The cave has been protected since 1966 as a Bien de Interés Cultural, with register number by the Spanish Ministry of Culture RI-51-0003660.

== Archaeological Site ==
The Cova des Coloms was a burial site from the Post-Talayotic period (550–123 BC), and it may also have had some kind of religious or ritual significance. Archaeological sediments are mainly found in the main chamber of the cave, which is where small-scale investigations have been carried out, and also the area most affected by illegal excavations and looting. Unfortunately, very little data exists about this archaeological site, as no intensive archaeological excavations have been conducted, nor any comprehensive research that might provide new insights.

Still, on both the right and left sides of the entrance, there are large mounds of soil that are likely the remains of these clandestine "excavations." This sediment could be the result of the cave’s interior being emptied out, a clue that suggests all burial remains may have been destroyed. We cannot rule out that the sediment seen outside the cave entrance and on the cliffside also results from this emptying process. On either side of the entrance, remnants of what may be prehistoric walls can be discerned, which might have served to enclose the cave from the outside.

Despite the damage, Cova des Coloms has attracted interest not only from the people of Menorca but also from expert historians and archaeologists for several decades. In fact, Archduke Ludwig Salvator of Austria already mentioned the Cova des Coloms and suggested its use during Menorca’s prehistory. Similarly, the French prehistorian Émile Cartailhac published in 1892 that he found ceramics and human bones after conducting small surveys.
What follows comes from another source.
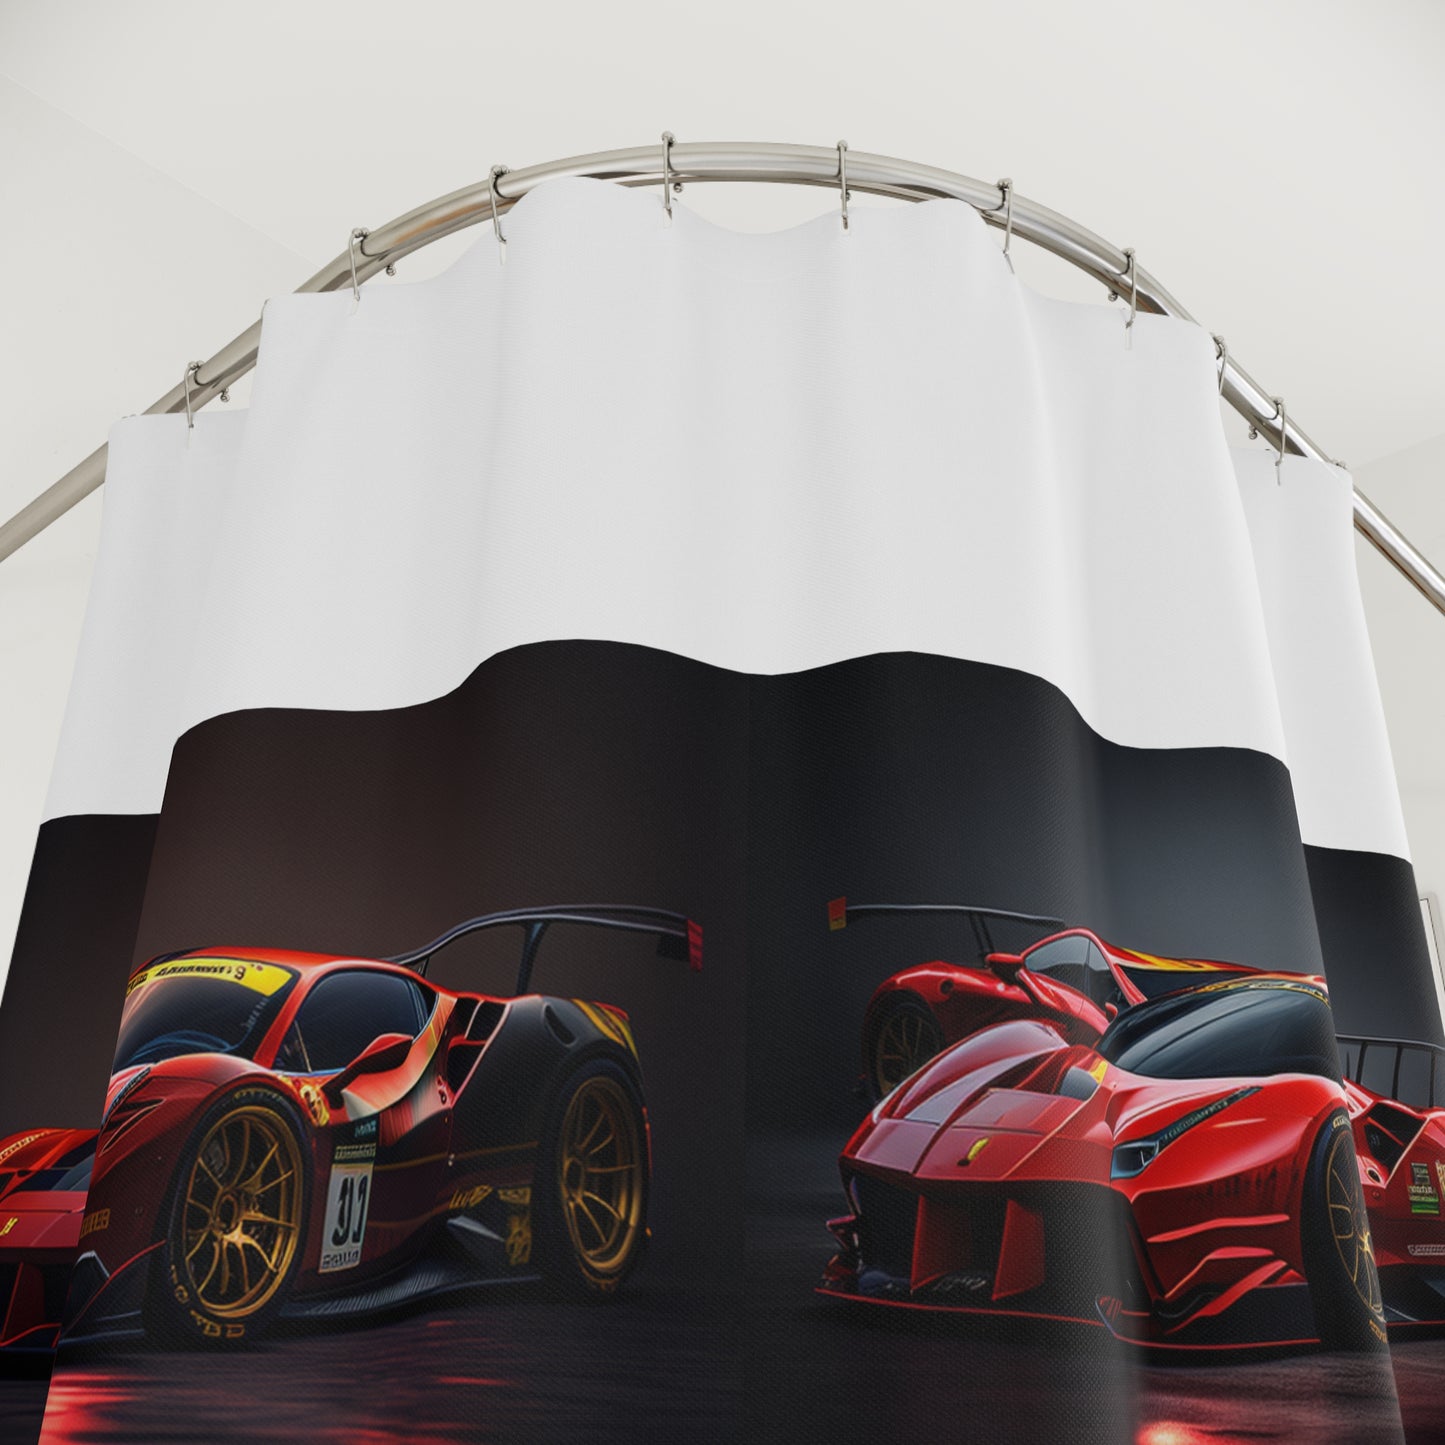 Polyester Shower Curtain Ferrari Red 5

One of the only excavations ever conducted was carried out by Antoni Vives i Escudero and the landowner Bartomeu Sturla between 1914 and 1915. At that time, they found prehistoric ceramic vessels and two bronze horns, one of which is part of the Vives Escudero collection and the other in the Cardona Mercadal collection, both housed at the Museum of Menorca. From the first horn, samples of charred wood were taken and analyzed using the radiocarbon dating method, producing a date of 406 BC.

== Talayotic Menorca: UNESCO World Heritage ==
[editar]
Talayotic Menorca is a site inscribed on the UNESCO World Heritage List in 2023. It consists of a series of archaeological sites that testify to an exceptional prehistoric island culture, characterized by unique cyclopean architecture. The island preserves exclusive monuments such as funerary navetas, circular houses, taula sanctuaries, and talayots, all of which remain in full harmony with the Menorcan landscape and its connection to the sky.

Menorca has one of the richest archaeological landscapes in the world, shaped by generations that have preserved the Talayotic legacy. It has the highest density of prehistoric sites per square meter on any island and serves as a symbol of its insular identity.

This area is divided into nine zones covering archaeological sites and associated landscapes, with a chronology ranging from the emergence of cyclopean construction around 1600 BCE to the Romanization in 123 BCE. The exceptional value of its monuments and landscapes led to its inscription on the UNESCO World Heritage List in 2023.